Marco Wenegger



Master Wintersemester 2015/16
Marco Wenegger
Projektübung (Studio 2)
Uli Tischler
Typology: Recreation

Von dem im Westen liegenden Waldrand fällt der Bauplatz leicht Richtung zukünftigen See ab, ein kleiner Bach teilt das Grundstück in zwei Bereiche. Die südliche Hälfte ist durch den natürlichen Kontext, den Wald, etwas intimer als die nördliche. Diese Teilung war Anlass die öffentlichen Bereiche des Raumprogramms (Restaurant, Fischladen) in die nördliche Hälfte einzubetten und die privaten (Hotel) in die südliche: Zwei selbstständige Volumen entstehen.

 

Hotel ohne Ausblick
Ziel war es ein Hotel zu entwerfen, das nicht den Konventionen entspricht. Auf Zimmer mit Ausblicken in die Landschaft wurde verzichtet. Jedes Zimmer im Hotel ist eine geschlossene Einheit. Es steht in keiner direkten Beziehung zur Umgebung. Der Ausblick wird durch einen Patio ersetzt, welcher auch für natürliche Belichtung sorgt. Da jedes Zimmer über einen eigenen Patio verfügt, erweitert sich der Raum wenn es die Witterung zulässt und der Außenraum wird Teil des Zimmers.
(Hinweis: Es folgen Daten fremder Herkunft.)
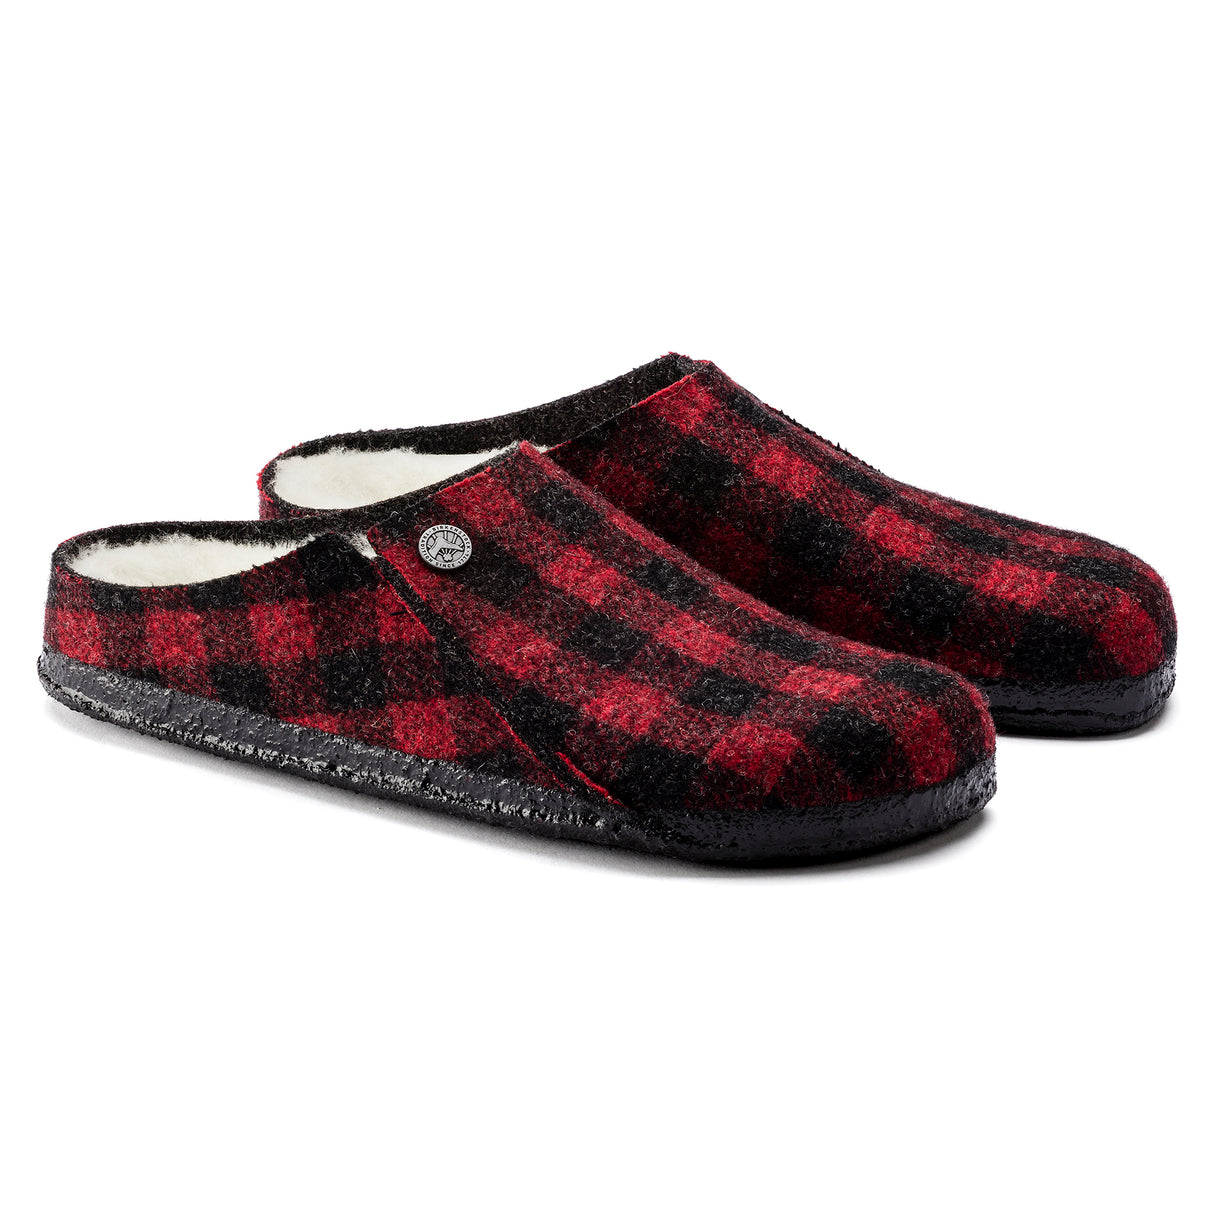 Birkenstock Zermatt Shearling Narrow Slipper (Women) - Red Plaid/Natural Dress-Casual - Slippers - The Heel Shoe Fitters
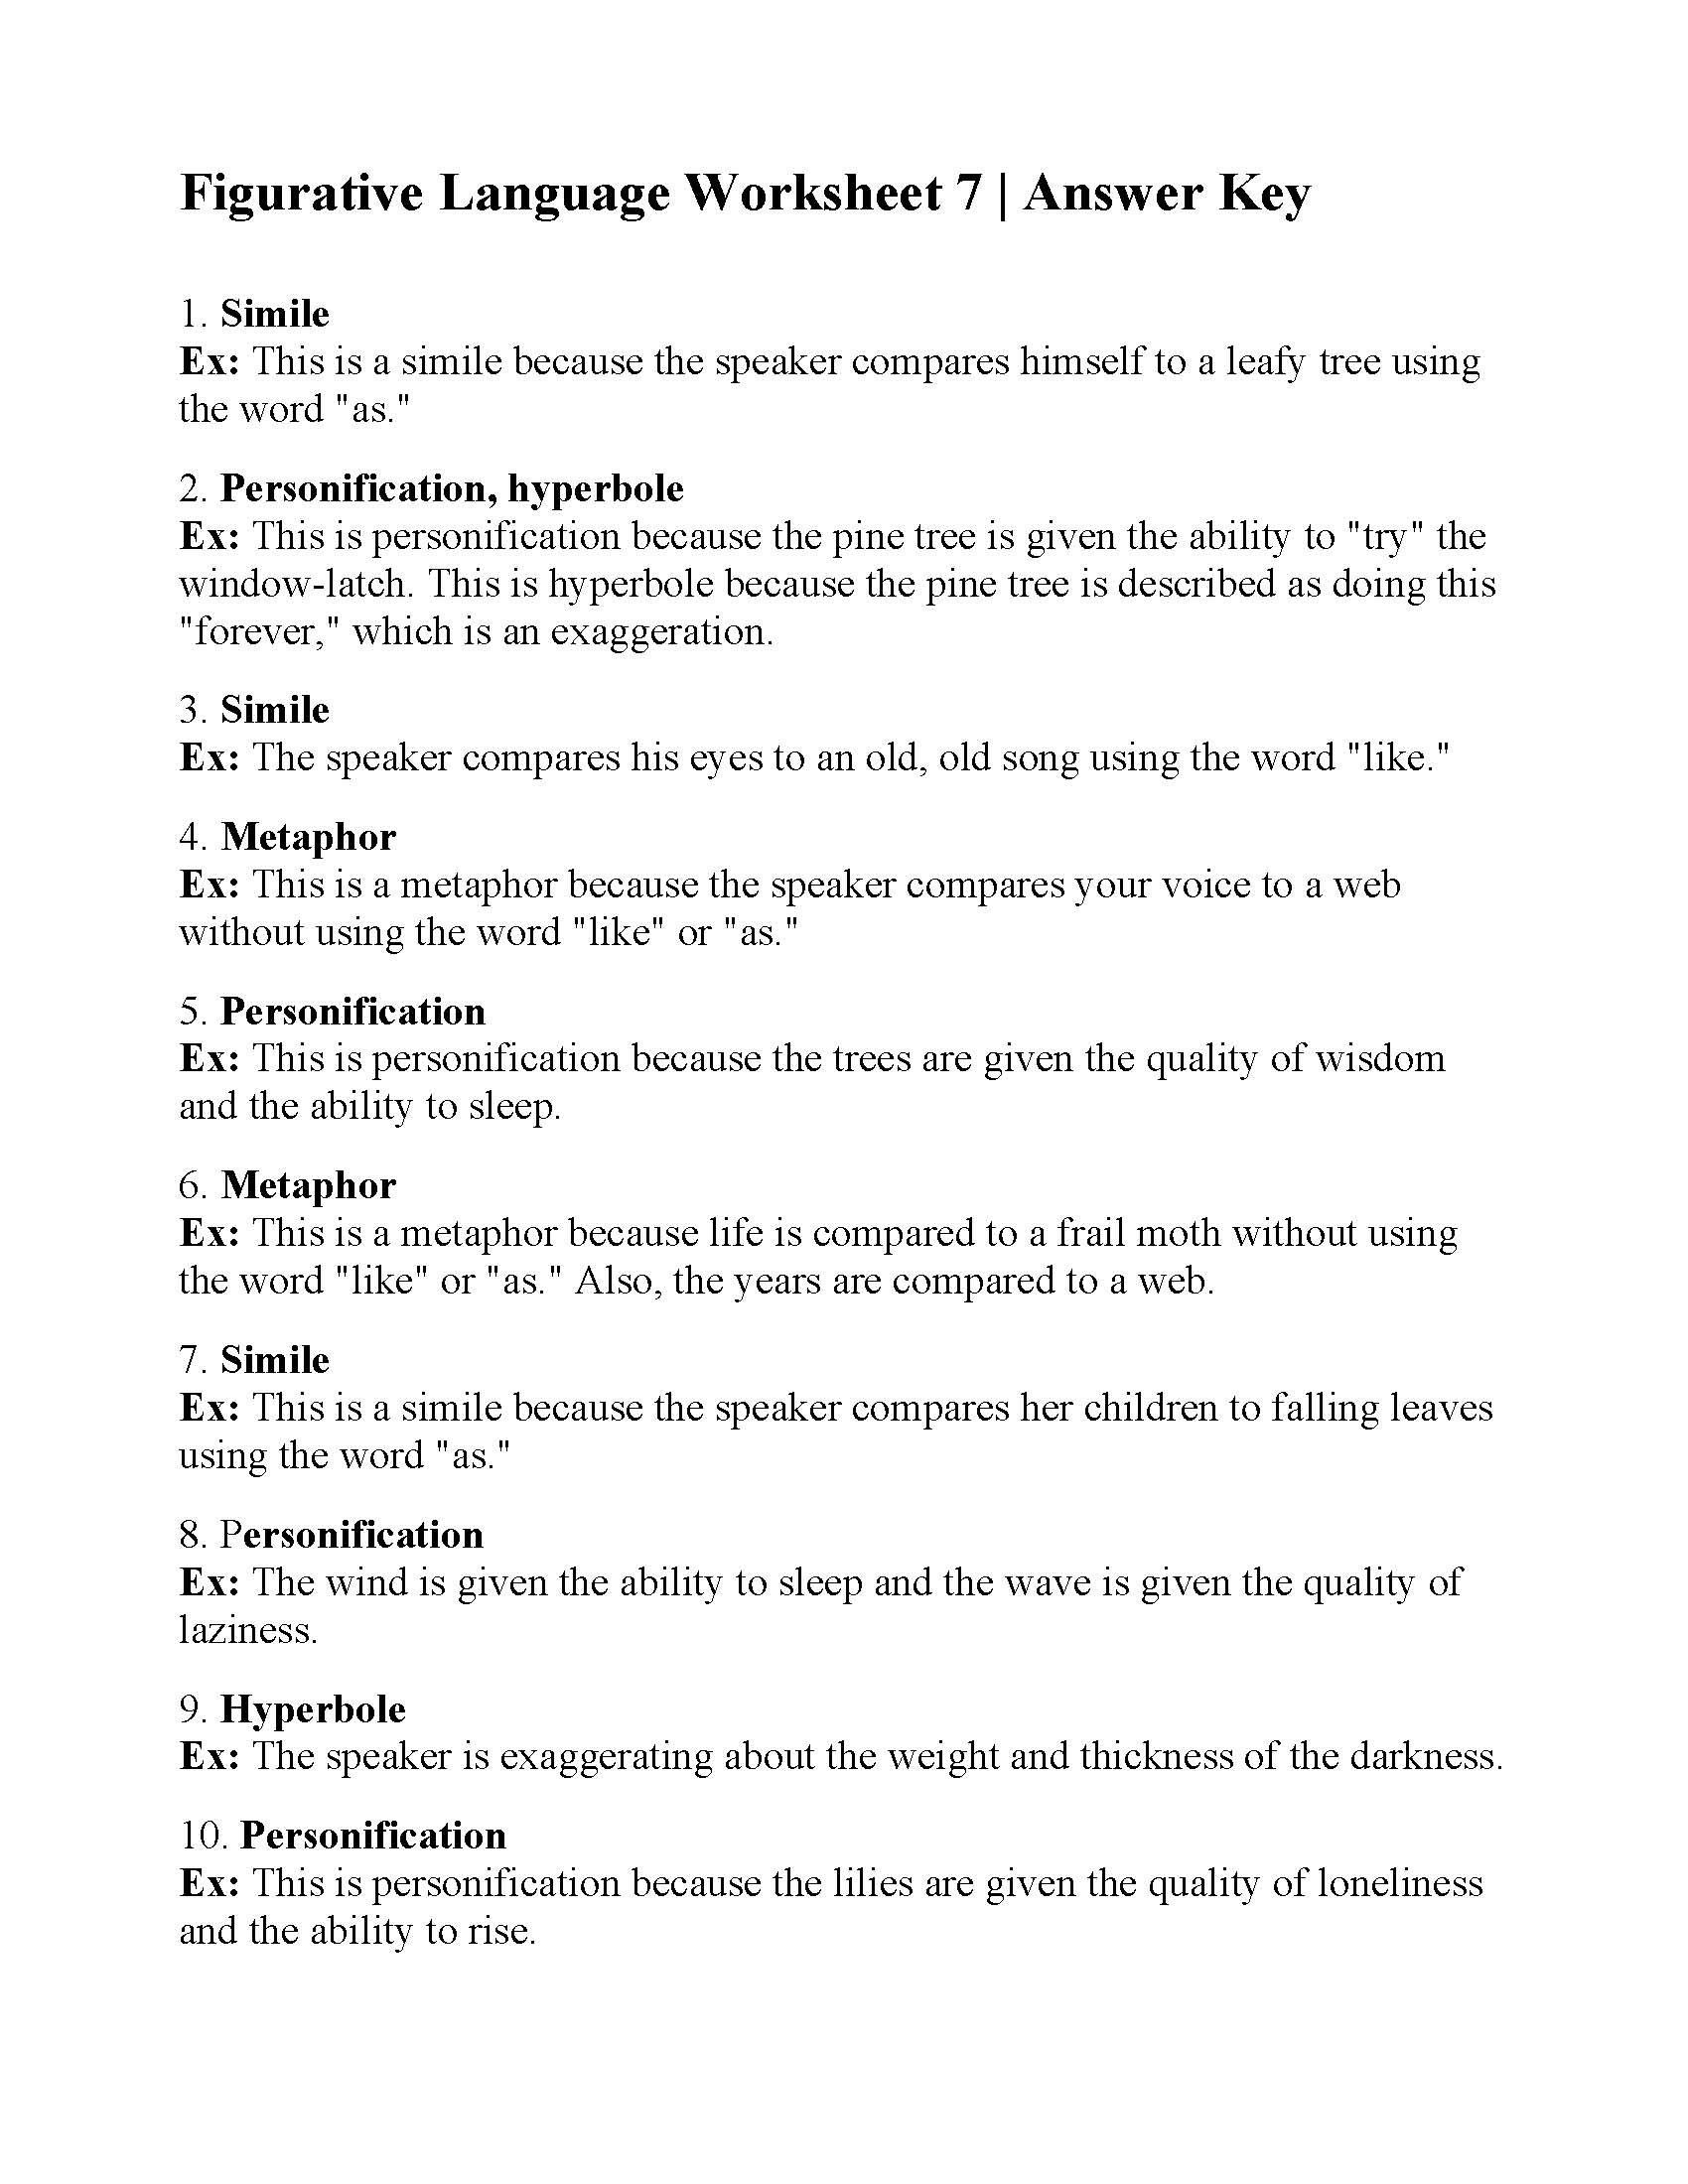 Figurative Language Worksheet 7  Answers With Figurative Language Worksheet 1

Um die Landschaft zu erleben, muss der Hotelgast die Zimmerschwelle, das Hotel verlassen und sich in der Natur bewegen.
Erschlossen wird das zweistöckige Hotelgebäude, welches sich etwas abseits vom Seeufer am Hang befindet, über ein zurückversetztes Erdgeschoss. Dort befinden sich geschlossene Räume für die Organisation des Hotels. Verlässt man die Rezeption, betritt man einen zentral gelegenen, den Witterungen ausgesetzten, Hof. Zwei überdachte Stiegen führen in das rechteckige Zimmergeschoss. Vier der sechzehn Zimmer werden über einen Rundgang um den Hof erschlossen. Die restlichen zwölf Zimmer erreicht man über Außengänge, die im östlichen bzw. westlichen Bereich des Gebäudes liegen.

 

Restaurant mit Seeblick
Im rechteckigen eingeschossigen Baukörper, der teils im Hang eingegraben ist, befinden sich das Restaurant, der Fischladen, Mitarbeiterräume, ein Seminarraum, sowie ein Hof. Dienende Räume für diese Bereiche liegen in der Mitte des Grundrisses. Dadurch werden die Fassaden freigespielt und ermöglichen den Ausblick auf See und Landschaft. Im nordöstlichen Teil des Gebäudes befinden sich der Fischladen und die Parkplätze der Kunden. Das Restaurant mit Seeblick wird über einen überdachten Vorbereich erschlossen, der Gastraum durch Lichthöfe gegliedert.
Durch die Umkehrung des Hotelkonzepts, mit seiner Orientierung nach innen, soll das Restaurant bewusst geöffnet und zugänglich gemacht werden – ein introvertiertes Hotel und ein extrovertiertes Restaurant.